Returning to Movement

As an active person, the hardest part wasn’t discomfort — it was patience.

No heavy lifting.
No rubbing the eye.
No dusty trails right away.
No diving back into full training immediately.

But walking was encouraged. Gentle movement was okay. And little by little, normal life resumed.

When I finally returned to running, I noticed something unexpected:

Confidence.

Seeing clearly changes how you move through space. Foot placement feels surer. Depth perception returns. You stop second-guessing every step.


What I Didn’t Expect to Feel

Relief. Gratitude. A strange sense of rediscovery.

I hadn’t realized how much mental energy I was spending compensating for poor vision — squinting, slowing down, avoiding certain conditions, pushing through discomfort.

When clarity returned, so did ease.

And joy.


Seeing More Than Just Better Vision

Cataract surgery didn’t just sharpen my eyesight. It reminded me of something deeper:

Our bodies change.
Challenges show up uninvited.
But solutions exist — and they’re worth pursuing.

As the Fed Diabetic Runner, my journey has never been about perfection. It’s about adaptation, resilience, and continuing to chase miles, mountains, and meaning even when the path shifts.
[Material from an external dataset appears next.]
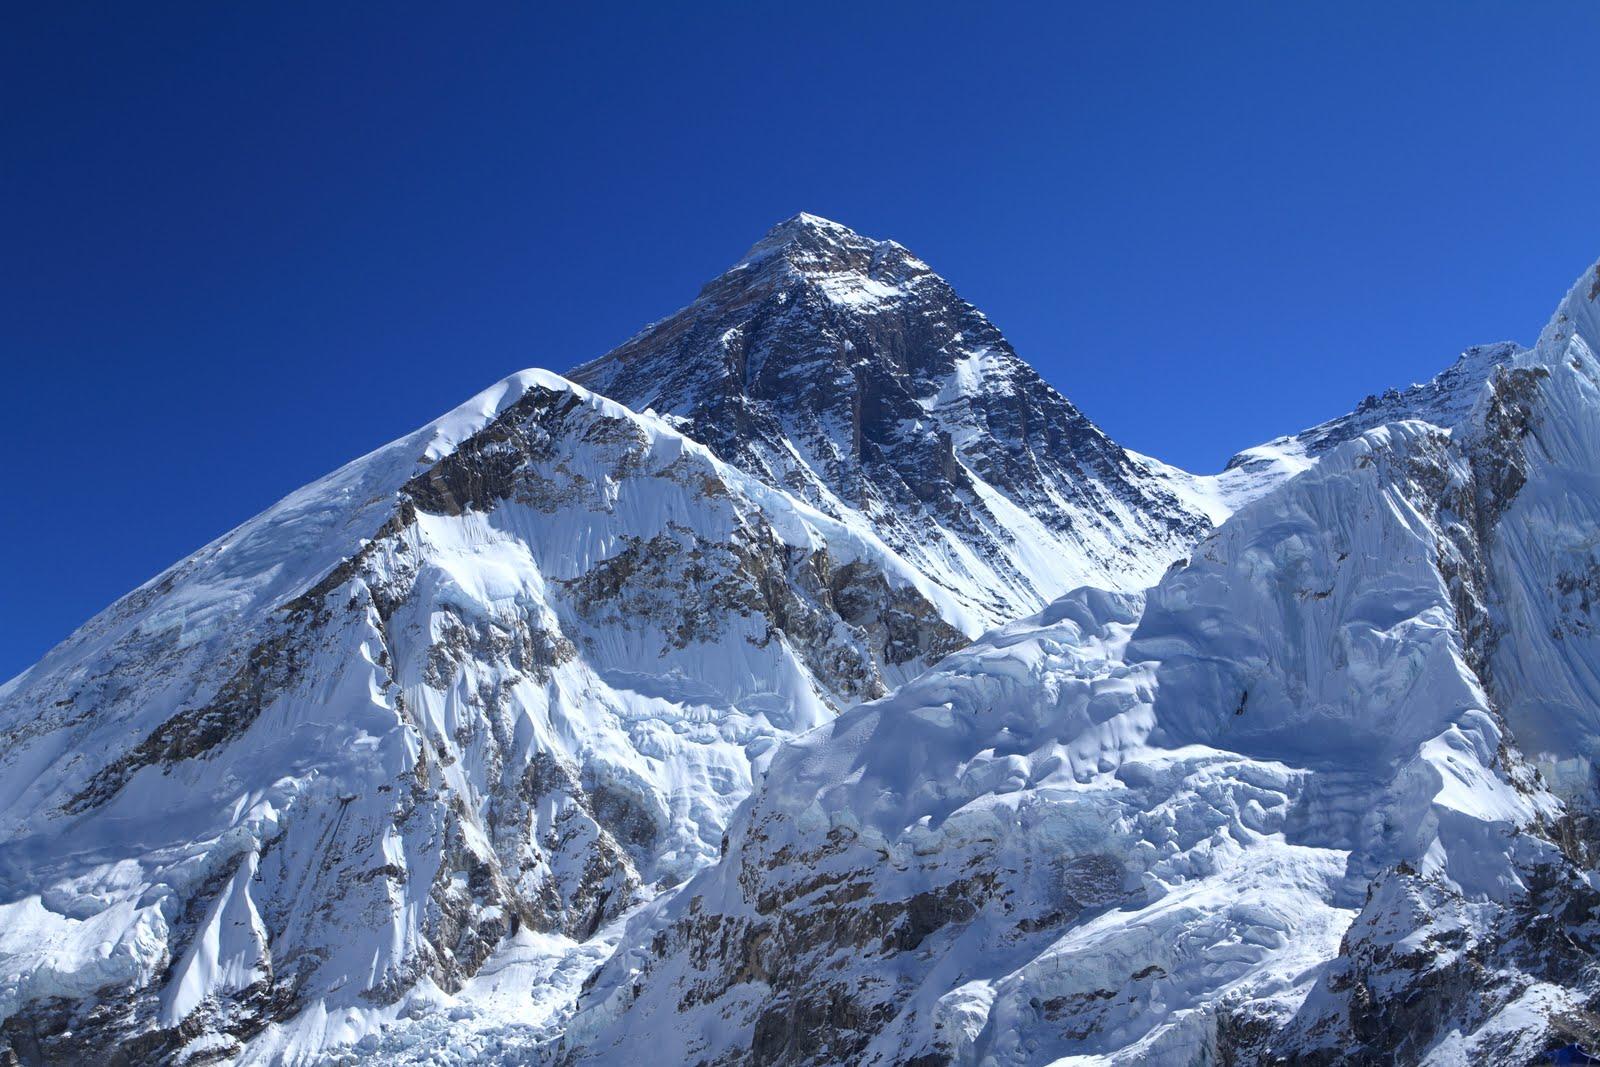 Free Download Mount Everest From Above Wallpaper 1600x1067 For Your Desktop Mobile Tablet Explore 71 Mt Everest Wallpaper Mount Everest Wallpaper Hd

This was just another detour. Not the end of the road.


If You’re Facing Cataract Surgery Too

You’re not weak for being nervous.
You’re not alone.
And you’re not giving up — you’re choosing to see your life clearly again.
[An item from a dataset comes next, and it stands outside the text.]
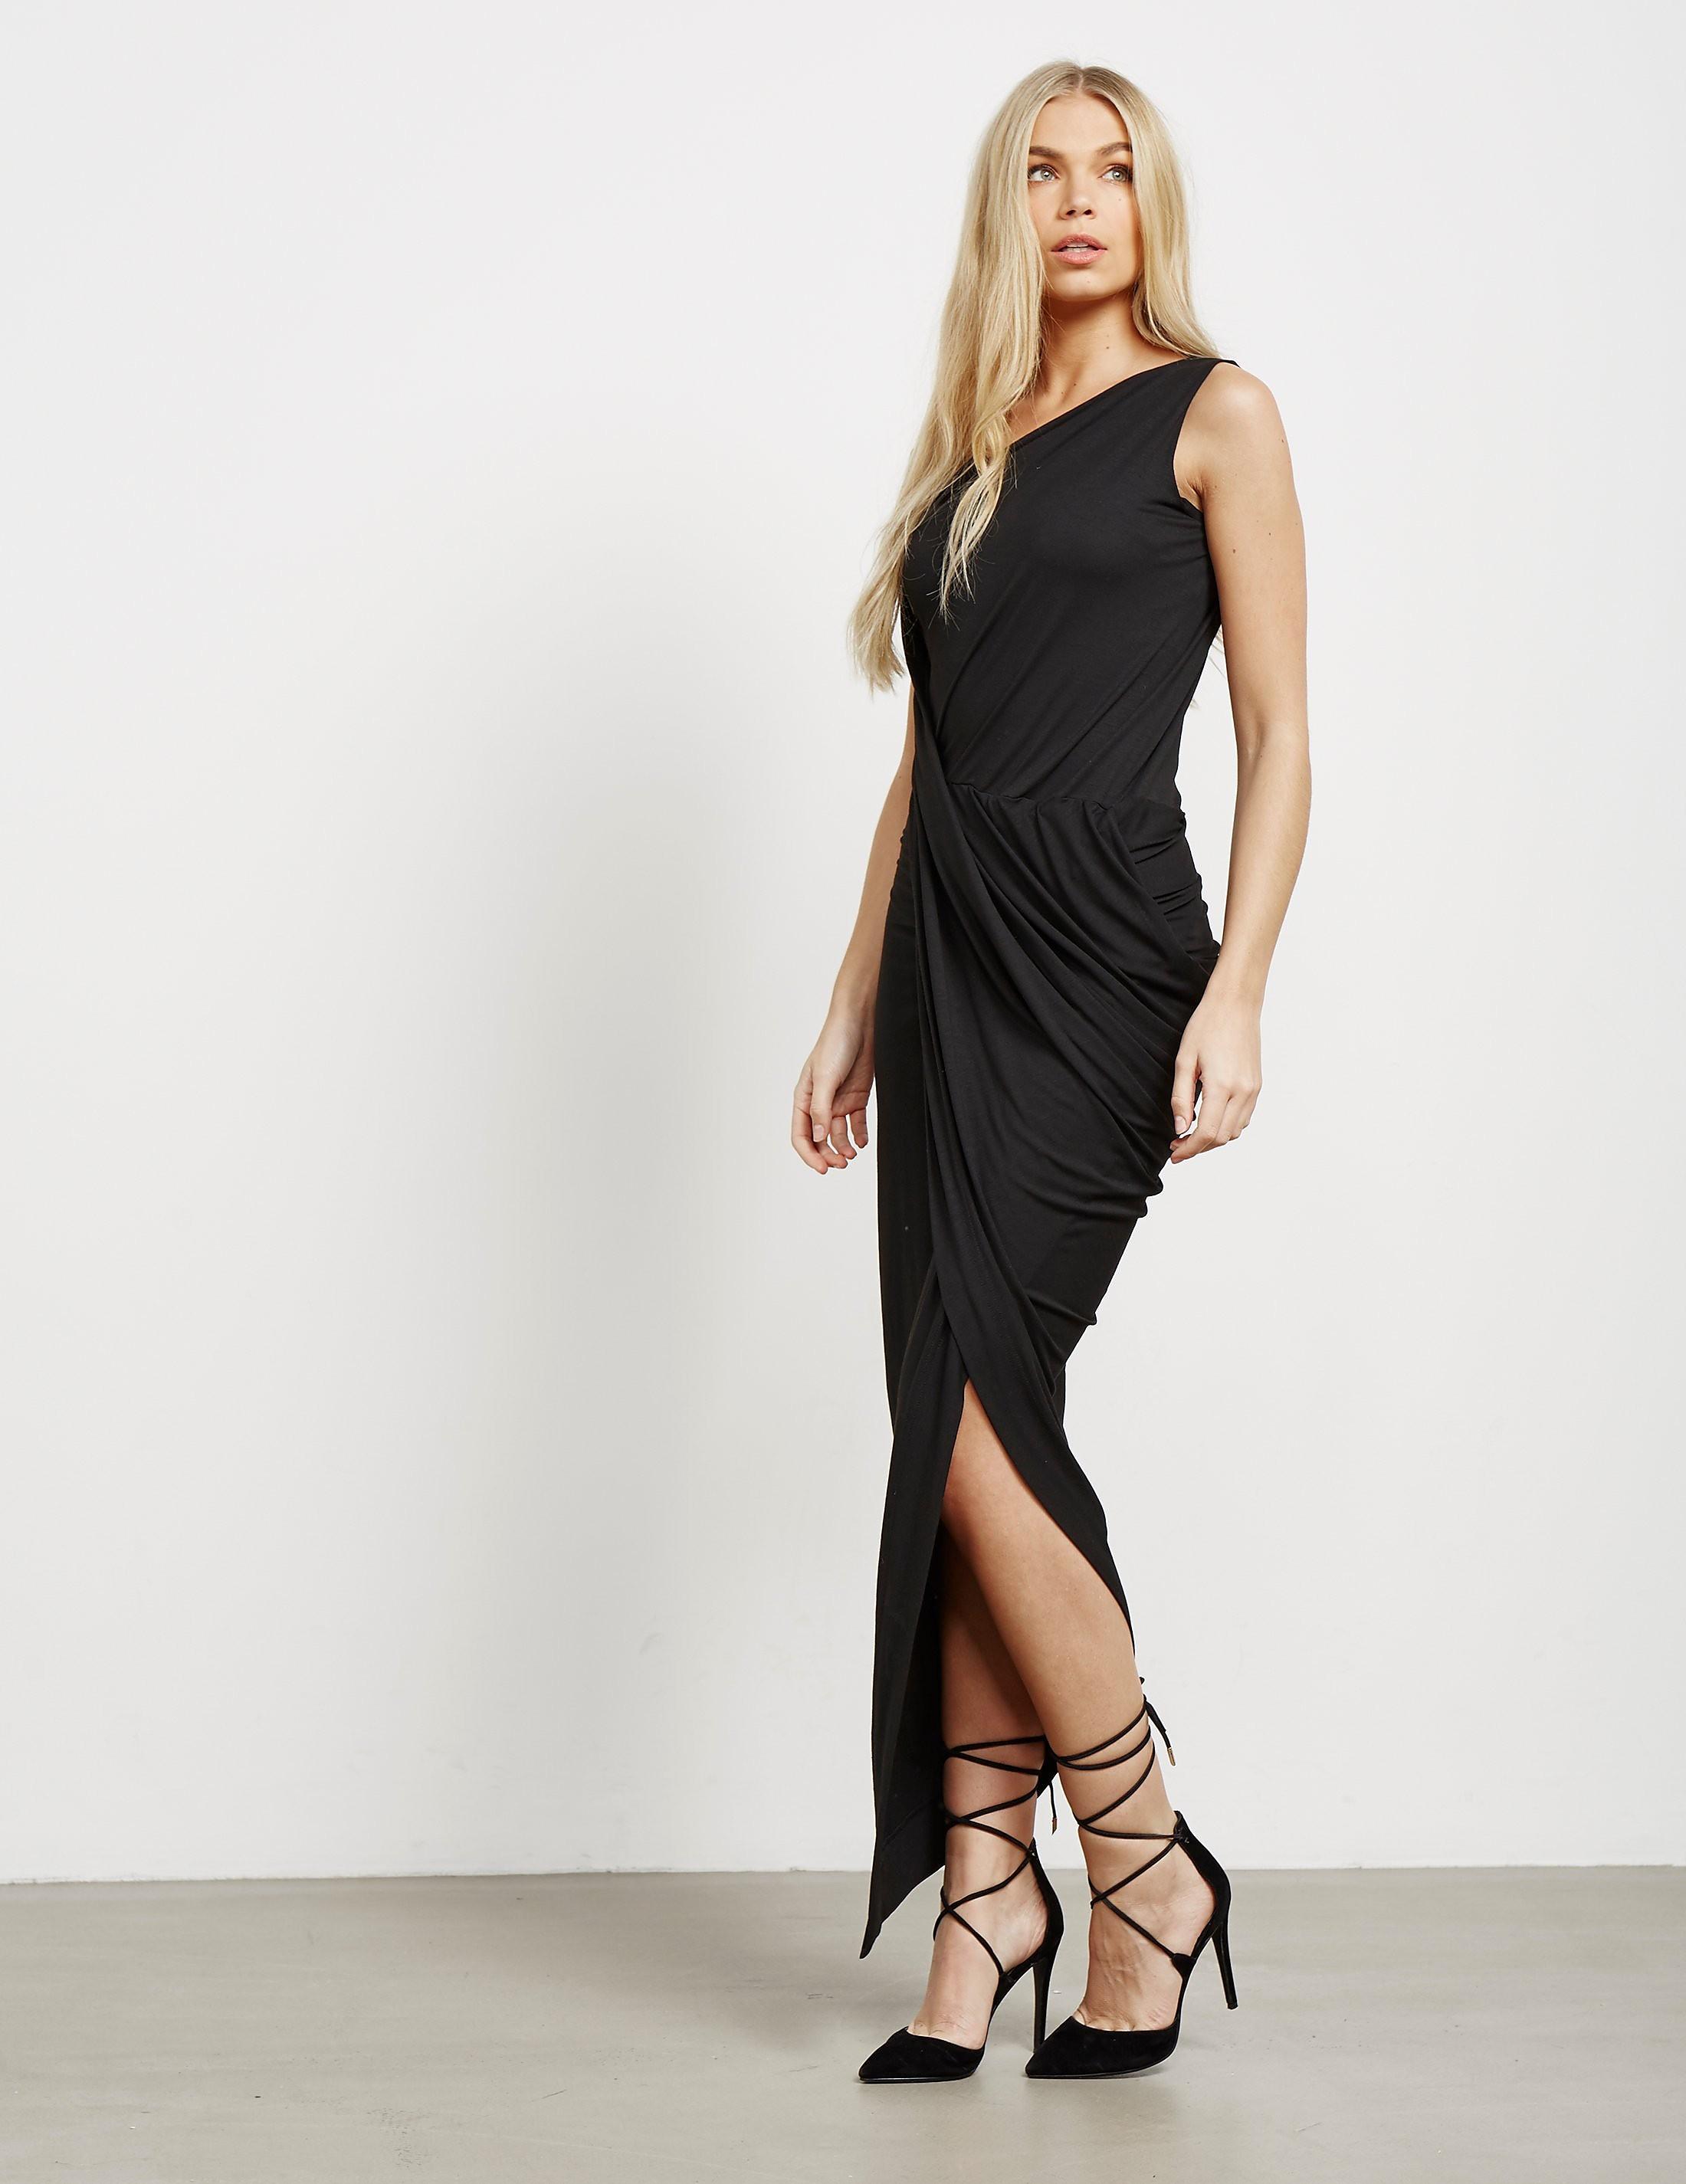 Vivienne Westwood Anglomania Vian Dress

If your world has started to look foggy, dim, or uncertain, talk to an eye specialist. Ask the questions. Advocate for yourself.

Clear vision isn’t a luxury.

It’s freedom.


Final Thoughts

The first time I stood outside after surgery and really looked — at the sky, the landscape, the tiny details I’d forgotten — I felt something simple and powerful:

Thankful.

Thankful to see the road ahead.
Thankful to keep moving forward.
Thankful that even when diabetes complicates things, it doesn’t get to take everything.

And most of all, thankful that the world — and the miles waiting in it — are still there in full color.